All the records that follow need to be reproduced exactly. Omit the images.

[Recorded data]
╭──

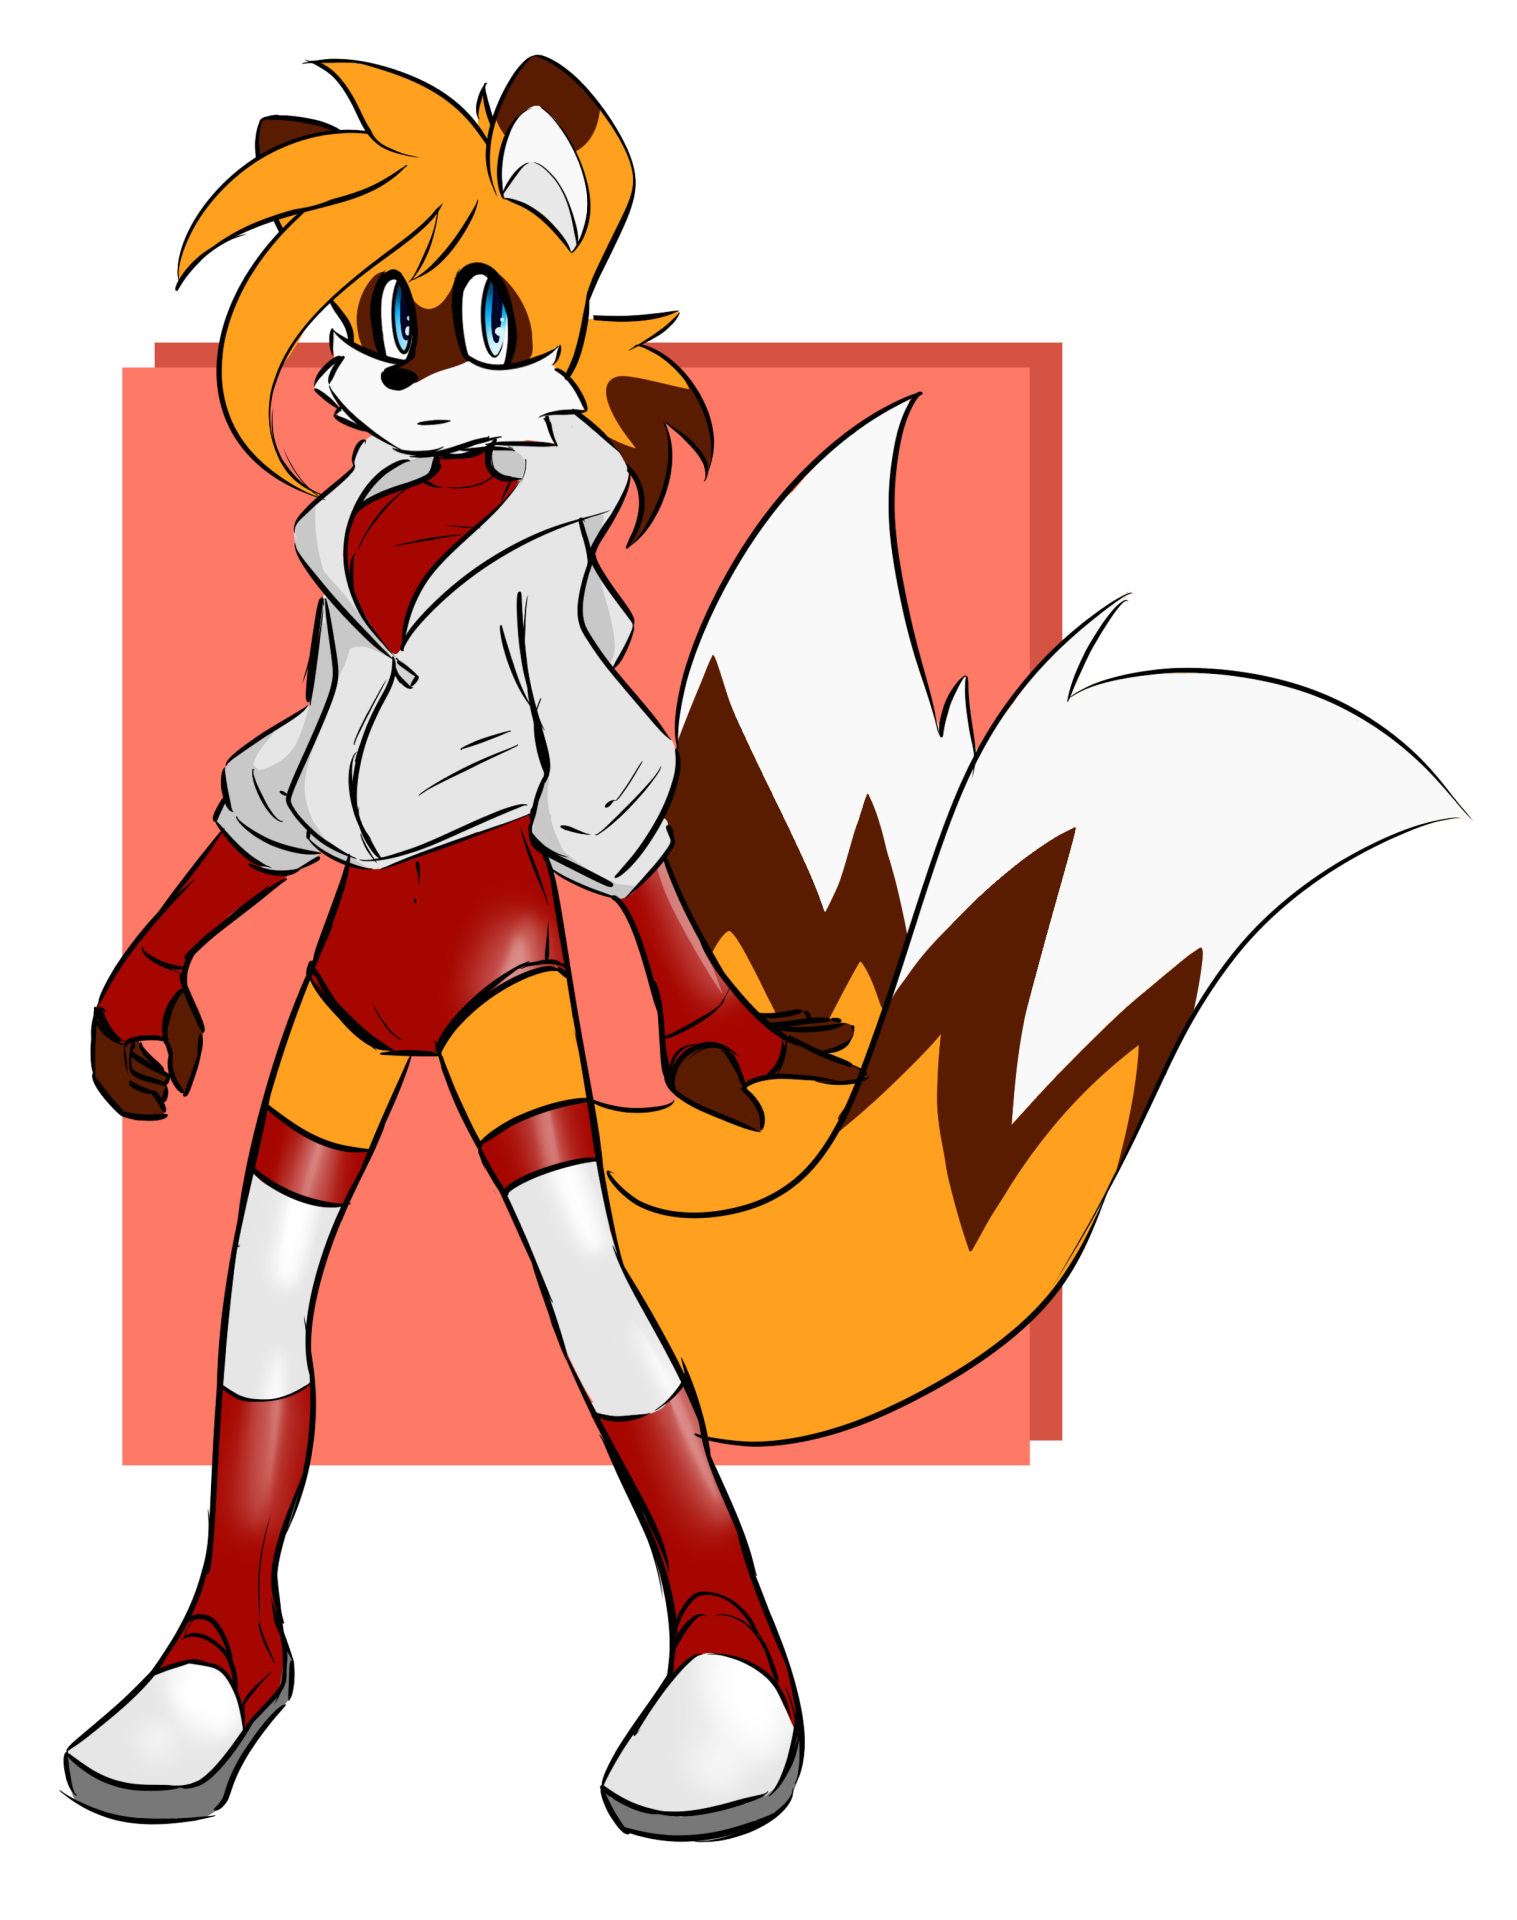 05-05 bored tails.png
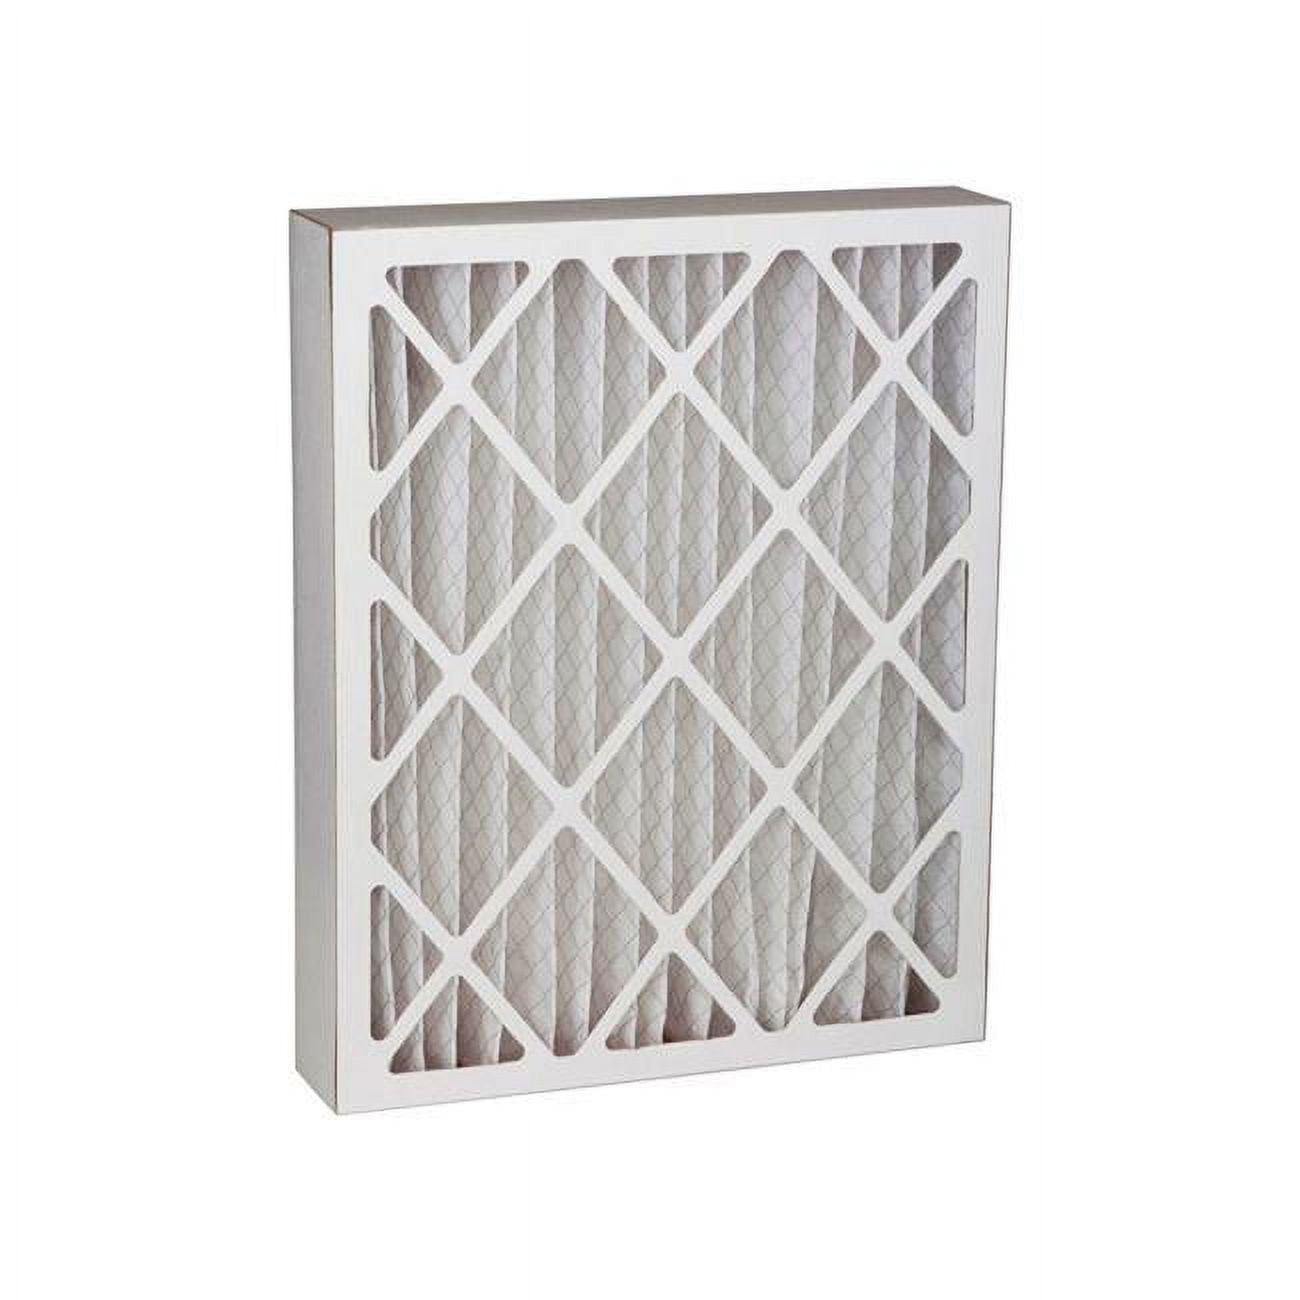 Picture of Bestair 4822904 24 x 20 x 4 in. 8 MERV Pleated Air Filter - Case of 3
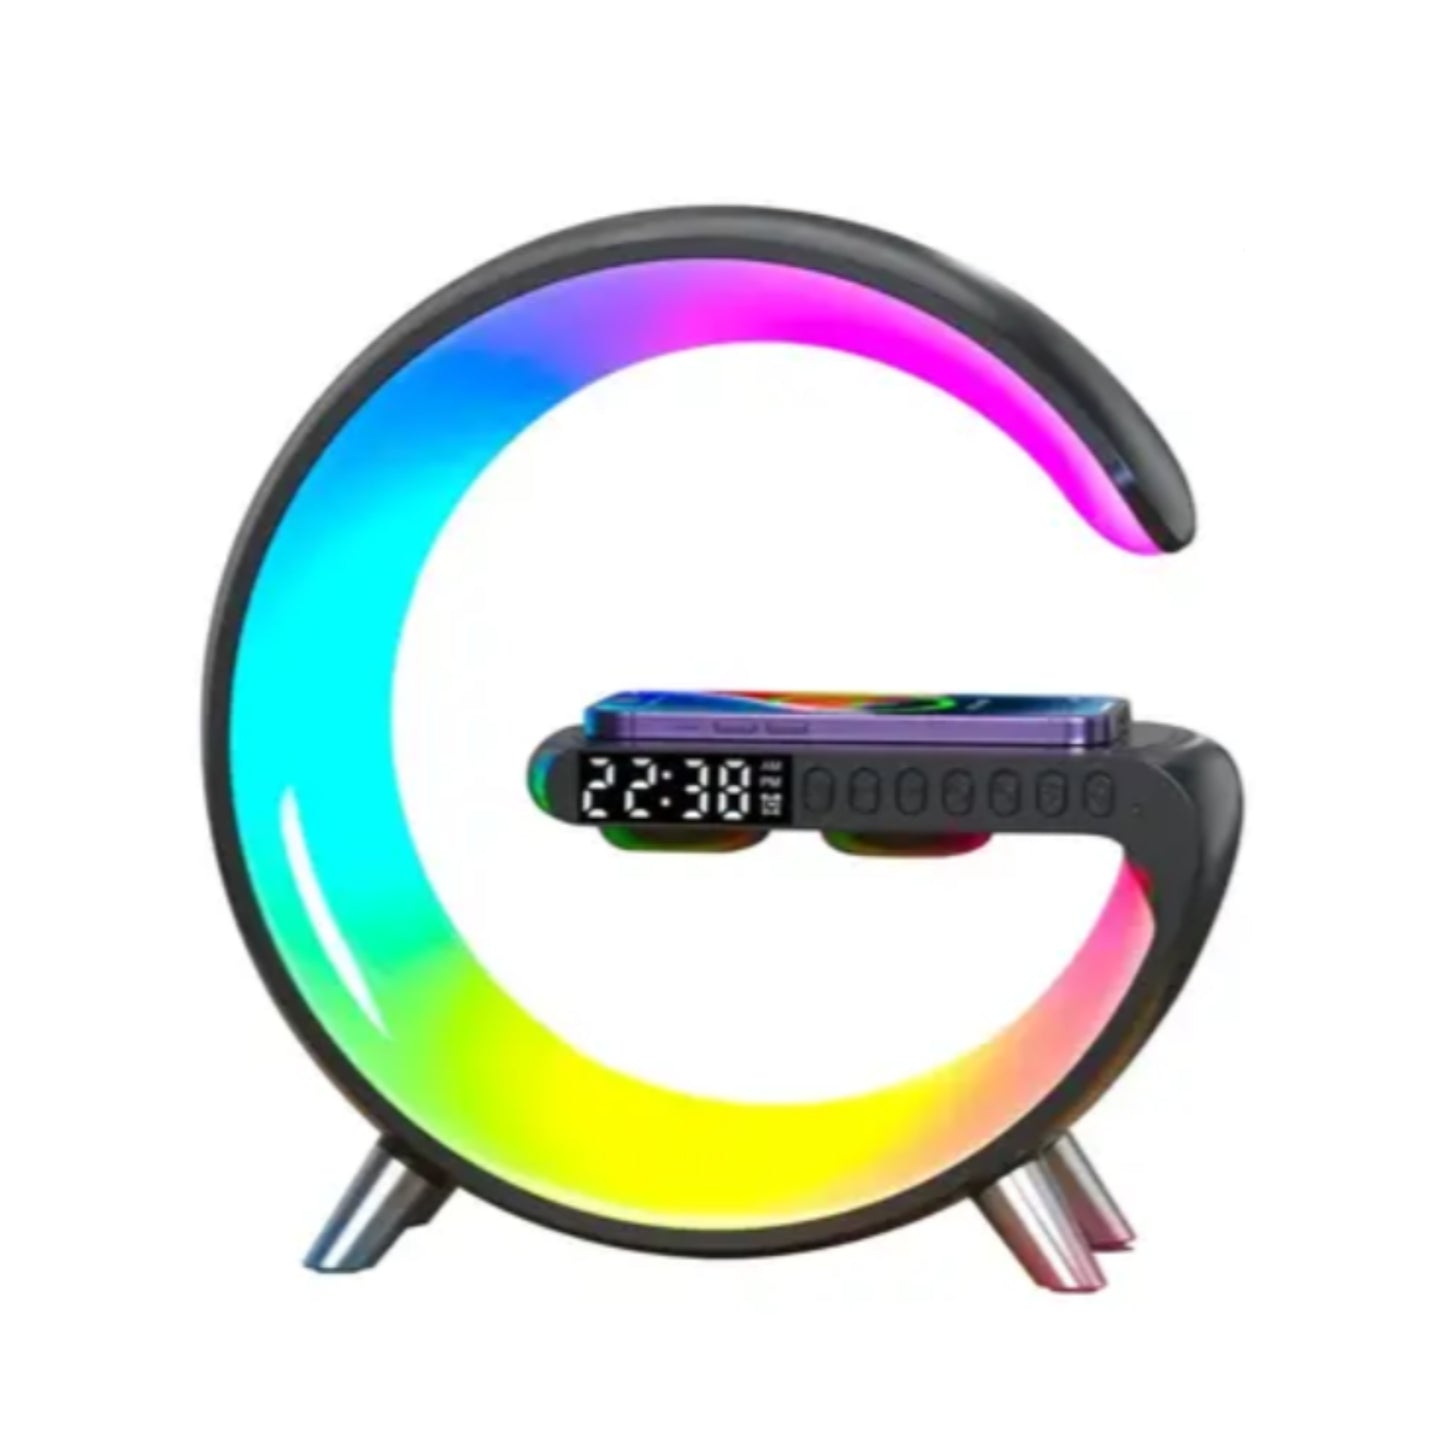 Ministry Nap™ Stand Alarm Clock
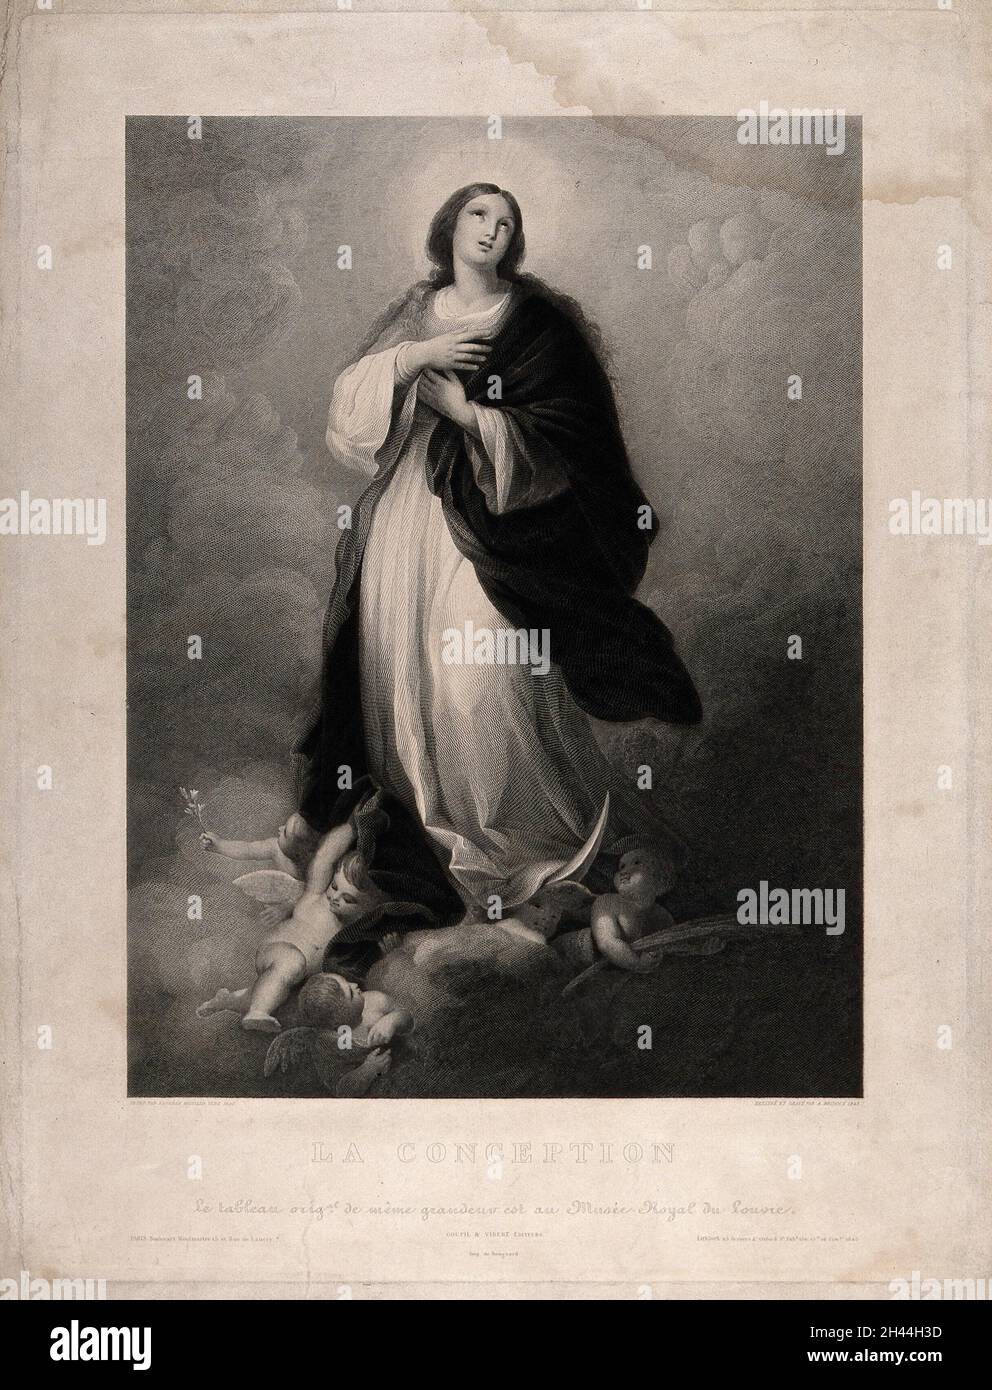 The Virgin Mary, immaculately conceived, descends from heaven, a sickle moon beneath her feet. Engraving by F-E-A. Bridoux, 1845, after B.E. Murillo, ca. 1650. Stock Photo
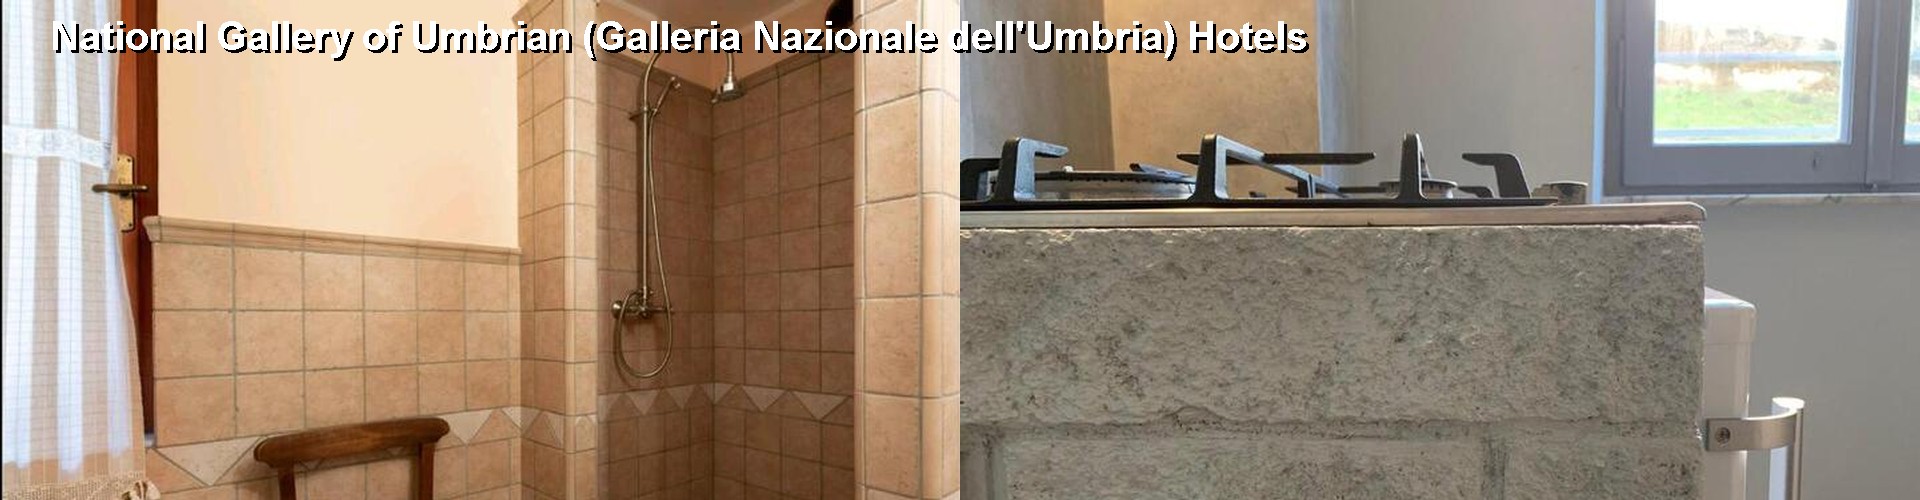 5 Best Hotels near National Gallery of Umbrian (Galleria Nazionale dell'Umbria)

╰──

■ Expected output ■
 05-05 bored tails.png
 Picture of Bestair 4822904 24 x 20 x 4 in. 8 MERV Pleated Air Filter - Case of 3
 Ministry Nap™ Stand Alarm Clock
 The Virgin Mary, immaculately conceived, descends from heaven, a sickle moon beneath her feet. Engraving by F-E-A. Bridoux, 1845, after B.E. Murillo, ca. 1650. Stock Photo
 5 Best Hotels near National Gallery of Umbrian (Galleria Nazionale dell'Umbria)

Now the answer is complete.